Our area of Nashville is a seller’s market right now. Which was awesome for us because we sold our house in one weekend for more than our asking price. Our work definitely paid off. But we wanted to buy a larger house in the same zip code, so we’d be dealing with the same high prices and bidding wars, and that made us stressed and worried about being homeless. We’d decided to move this summer because we were afraid we’d get priced out of this market if we waited any longer, and we were starting to be afraid we might have waited too long already. We looked at a lot of places and disagreed about them. Finally our awesome realtor was able to find us a premarket house in our price range that we were able to agree on. It’s a split level with four bedrooms on a shady dead end street with a rocky creek in the back for our little boy to play in. Moving dates have yet to be set.


During June and the first half of July, I was posting more reviews than I have since the blog’s first month. The routine that I set worked, and I made a significant dent in the number of books on my “read and not yet reviewed” list.

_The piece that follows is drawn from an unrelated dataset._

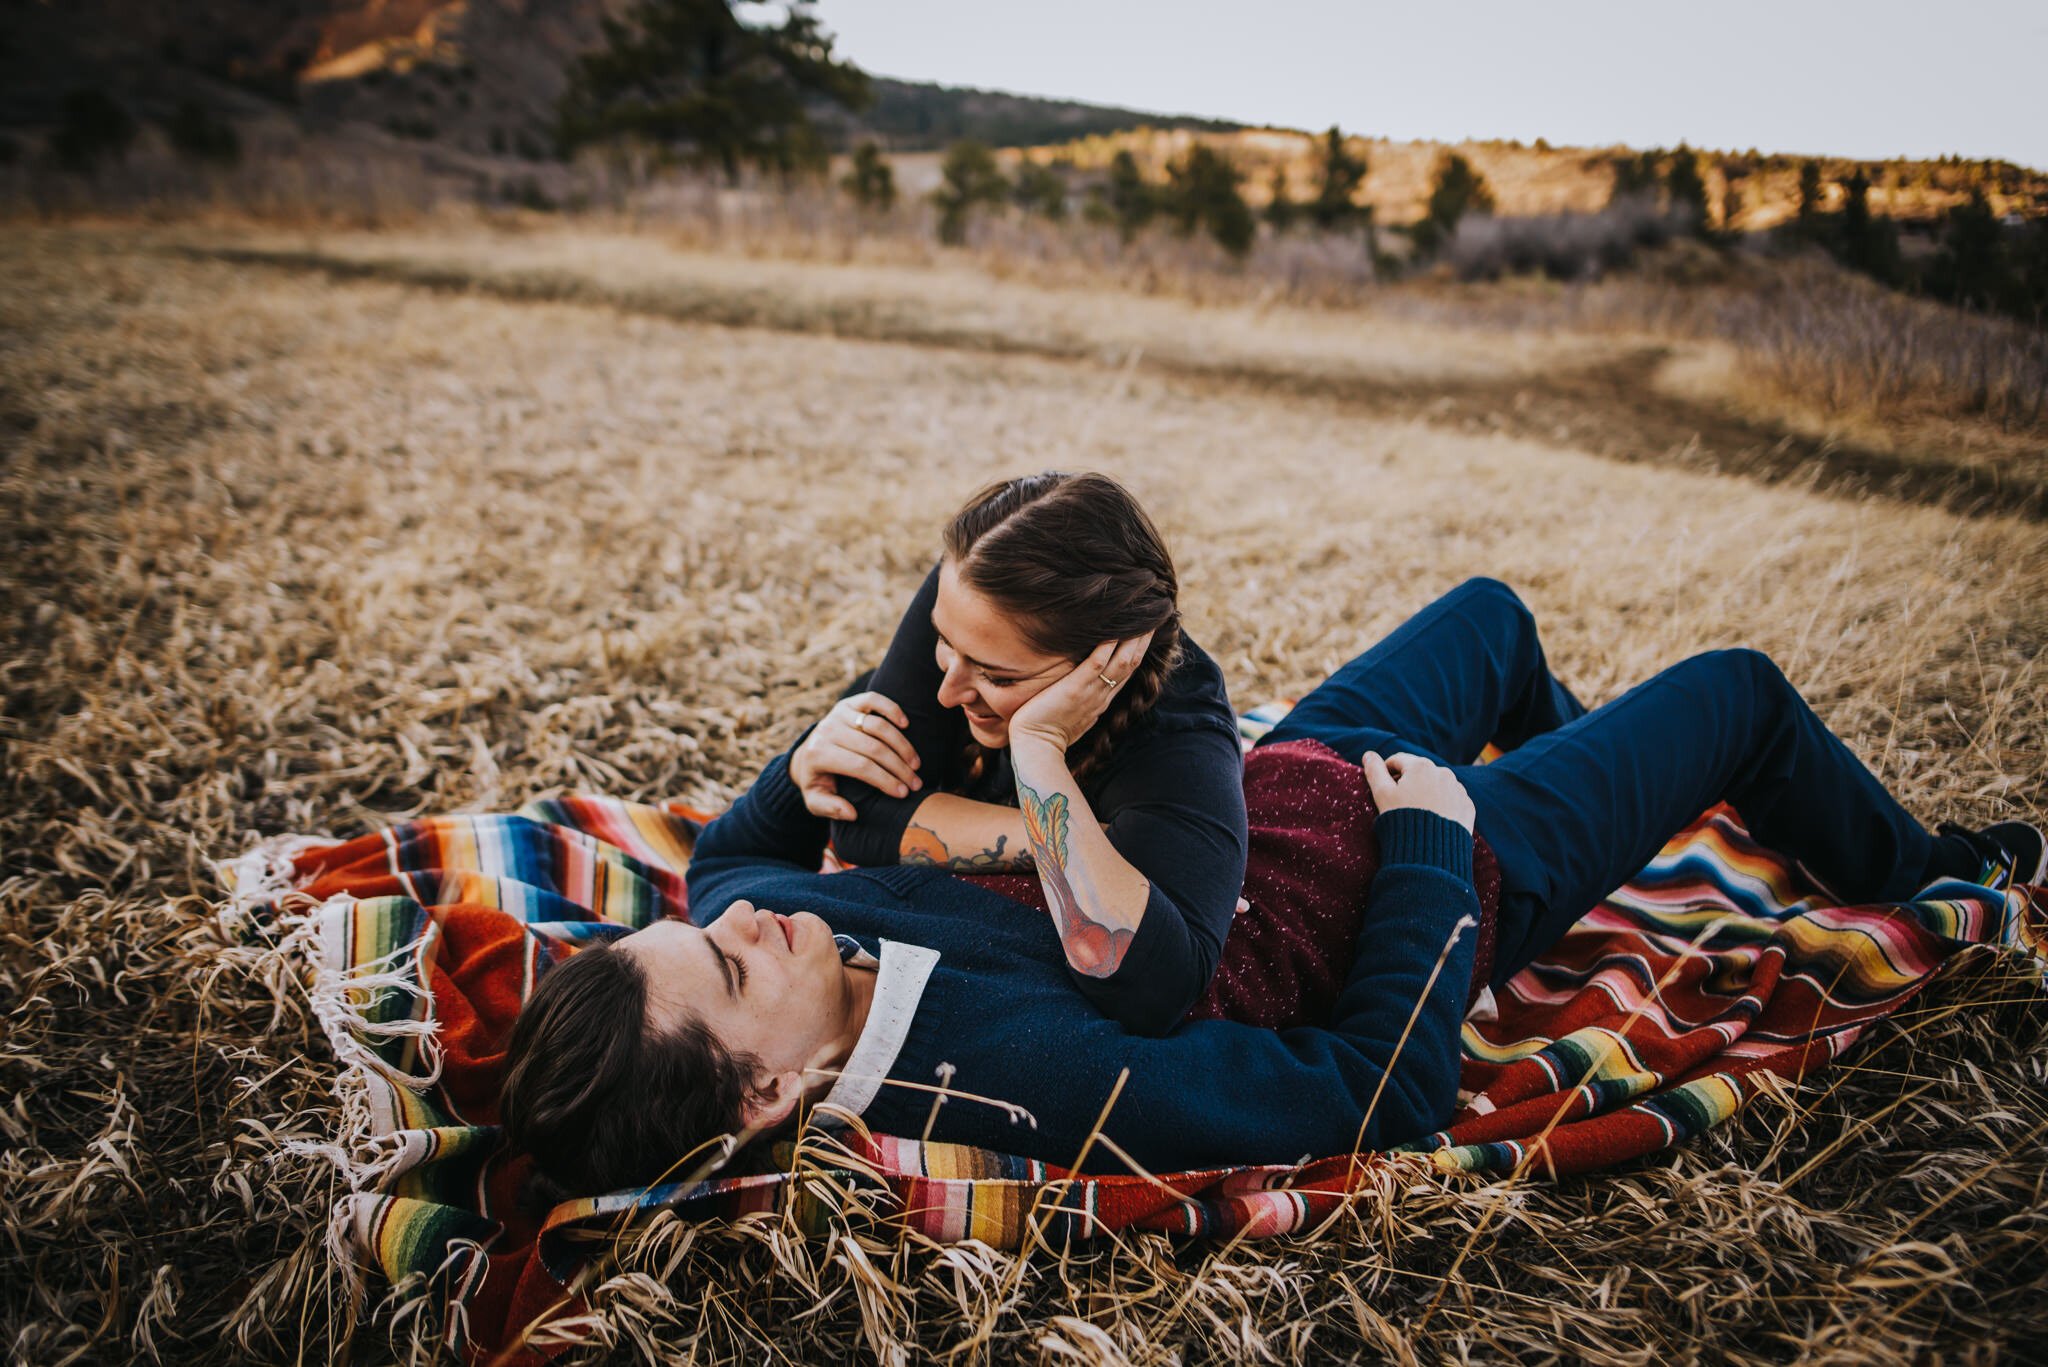 Yulia+and+Logan+Couples+Session+Colorado+Springs+Colorado+Sunset+Cheyenne+Canyon+Husband+Wife+Wild+Prairie+Photography-13-2020.jpeg

And then I stopped posting reviews for two weeks because I lost my desk. In staging our house for potential buyers, we had to move my desk and desktop computer to storage. I find this laptop adequate for reading and browsing, but uncomfortable for writing, so it became a convenient excuse. The whole thing makes me think about how right Virginia Woolf is about how important it is to have space of your own when you’re trying to be creative. It makes me determined to ensure that when we arrange things in our new house, I get the space I need to write and read and spread out my books in precarious piles. When we’re truly settled back in again, I definitely hope to make up for lost time. As awesome as my summer blogging routine was, I’m already out of the habit, and it will take some time to establish a new habit, with the school year under way too.


So I guess I met more of this summer’s goals than not: dance, improv, selling and buying houses, and blogging. And where I fell short, it was because real estate took over my life for a while. Also, Cogan turned 2, David and I turned 31, and we celebrated our 5th wedding anniversary.